Men were more than four times more likely to be gambling at ‘levels of elevated risk of harm’, while people with mental health issues were twice as likely. People with gambling problems were also ‘at least’ twice as likely to die as a result of suicide than the general population, with one study putting the risk at almost 20 times higher.
Gambling should be considered a public health issue, the review states, as it is ‘associated with harms to individuals, their families, close associates and wider society’, and calls for an approach that focuses on ‘prevention, early intervention and treatment’. The new Office for Health Improvement and Disparities (OHID) would be working closely with other departments to develop a workplan to address knowledge gaps, improve data collection, and ‘deliver an effective response to gambling-related harm’, it says.

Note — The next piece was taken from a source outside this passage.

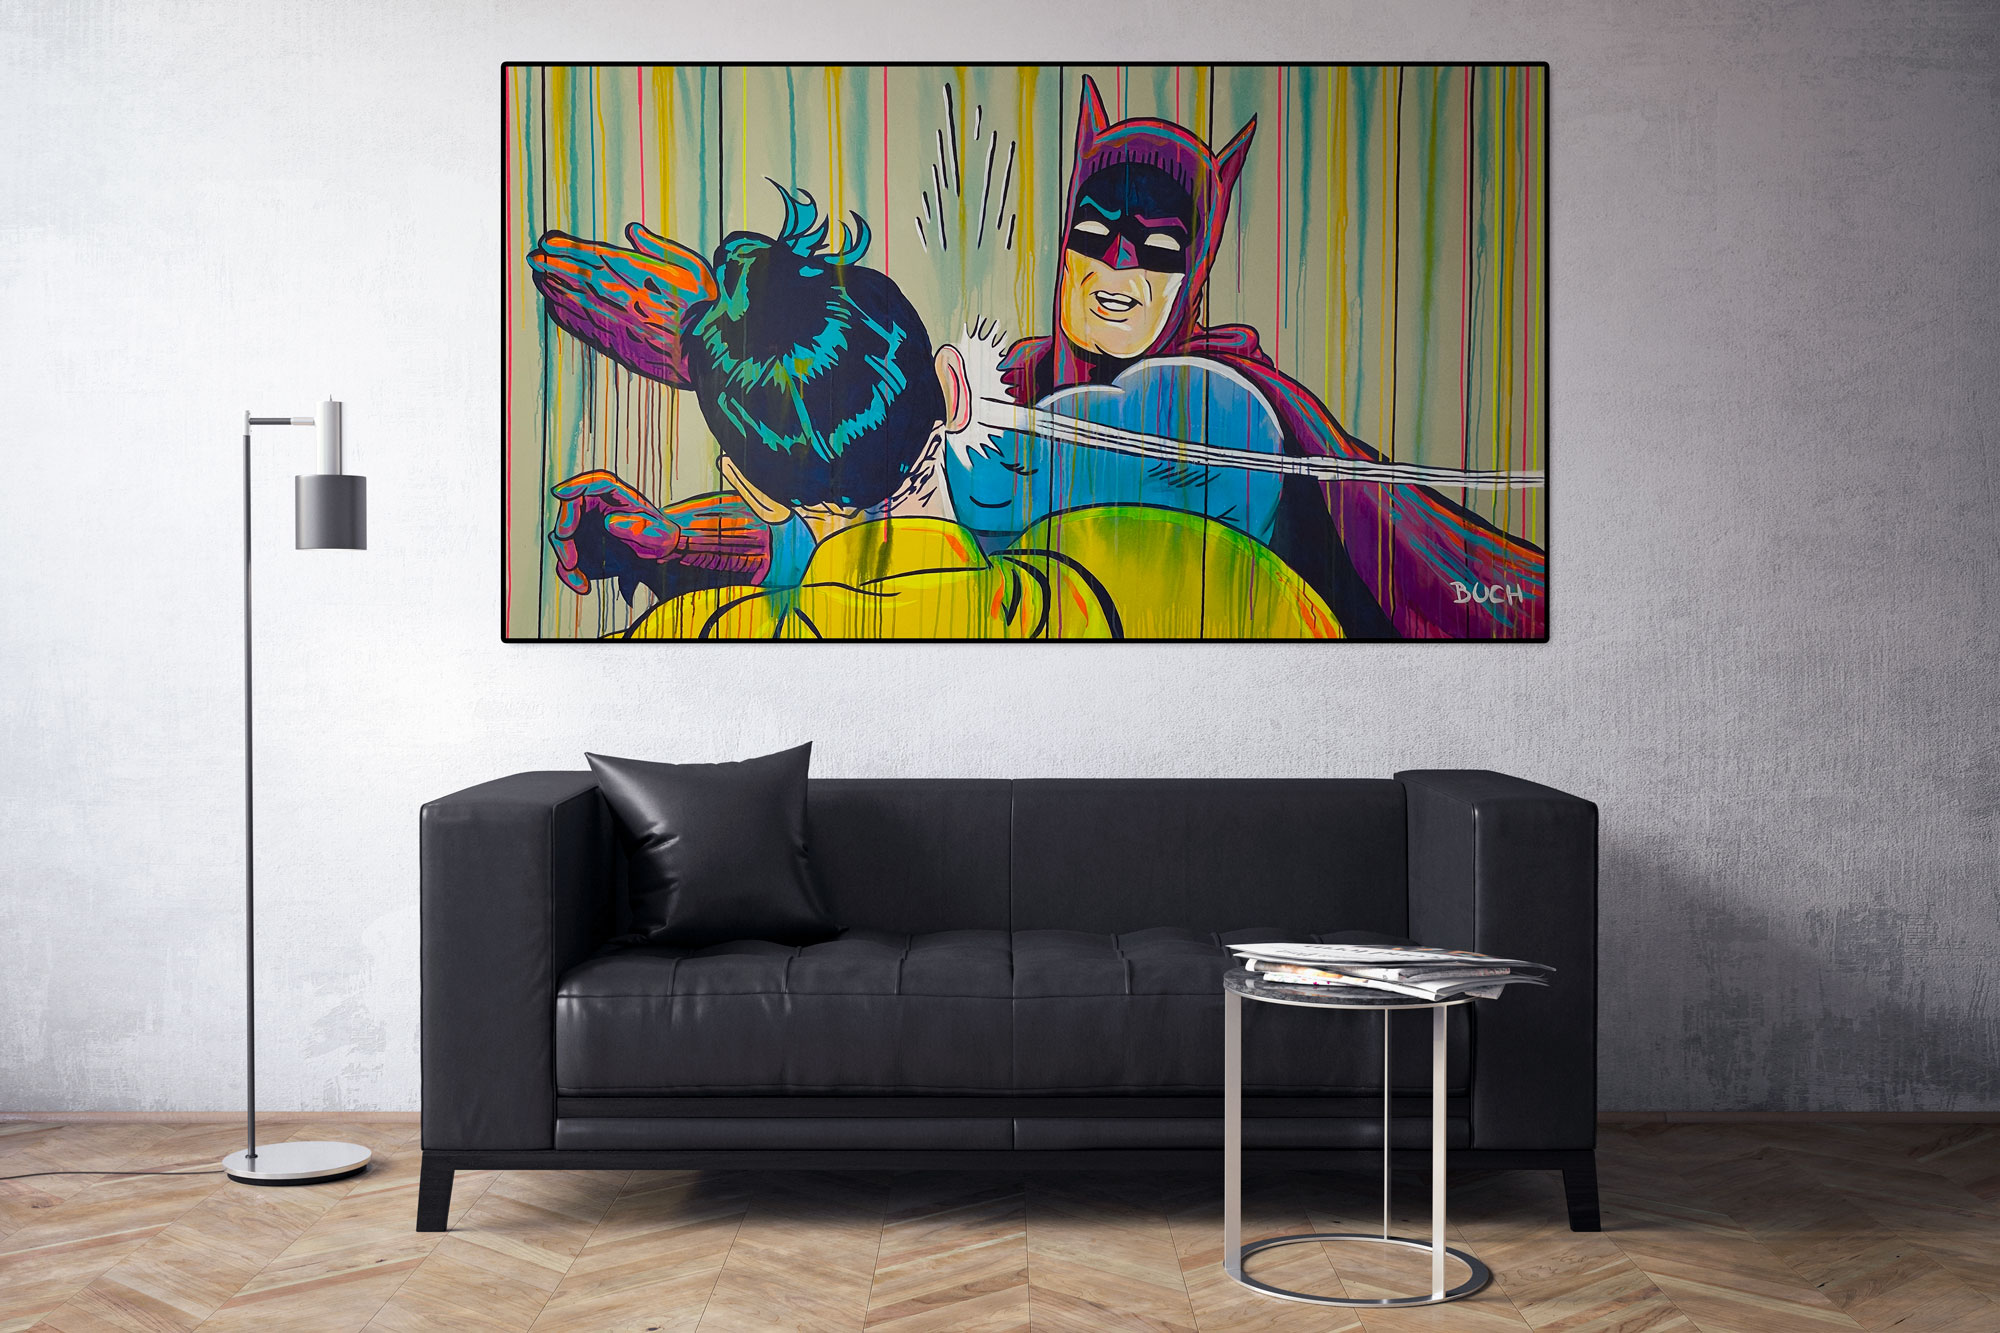 Original popart maleri af Batman som slår Robin med løbende maling, malet af kunstner Allan Buch Maleri til salg
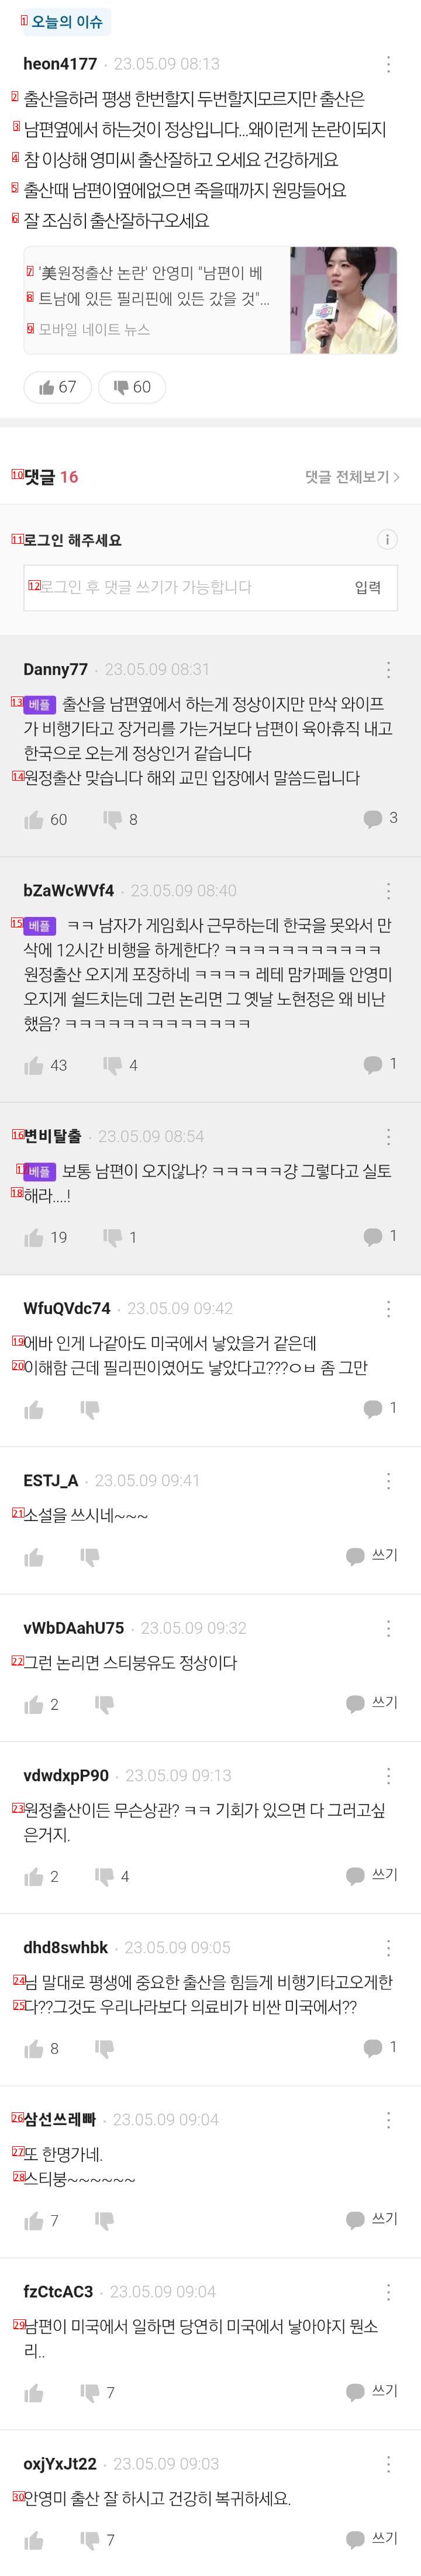 안영미 원정출산 논란 터짐 ㄷㄷ

‘There is so much more at stake from gambling than just losing money – from the toll on mental health to the impact on those around the gambler,’ said PHE’s director of alcohol, drugs, tobacco and justice, Rosanna O’Connor. ‘The evidence is clear – harmful gambling is a public health issue and needs addressing on many fronts, with an emphasis on preventing these harms from occurring as well as with help readily accessible for those directly and indirectly affected by the wide ranging and long-lasting negative impacts of gambling.’
The review’s call for a public health approach has been welcomed by GambleAware. ‘The prevention of gambling harms is a major challenge for promoting population health and to achieve this, a whole-system approach is needed when developing both prevention and treatment services for gambling harms in Great Britain,’ said the charity’s prevention director, Dr Jane Rigbye. ‘We welcome the utilisation of GambleAware commissioned research which has contributed key evidence about the prevalence of gambling harms, including the number of people who are affected by another person’s gambling. GambleAware looks forward to collaborating with DHSC, OHID and those in the NHS, local authorities, other public health agencies and those with lived experience in helping to prevent and treat gambling related harms.’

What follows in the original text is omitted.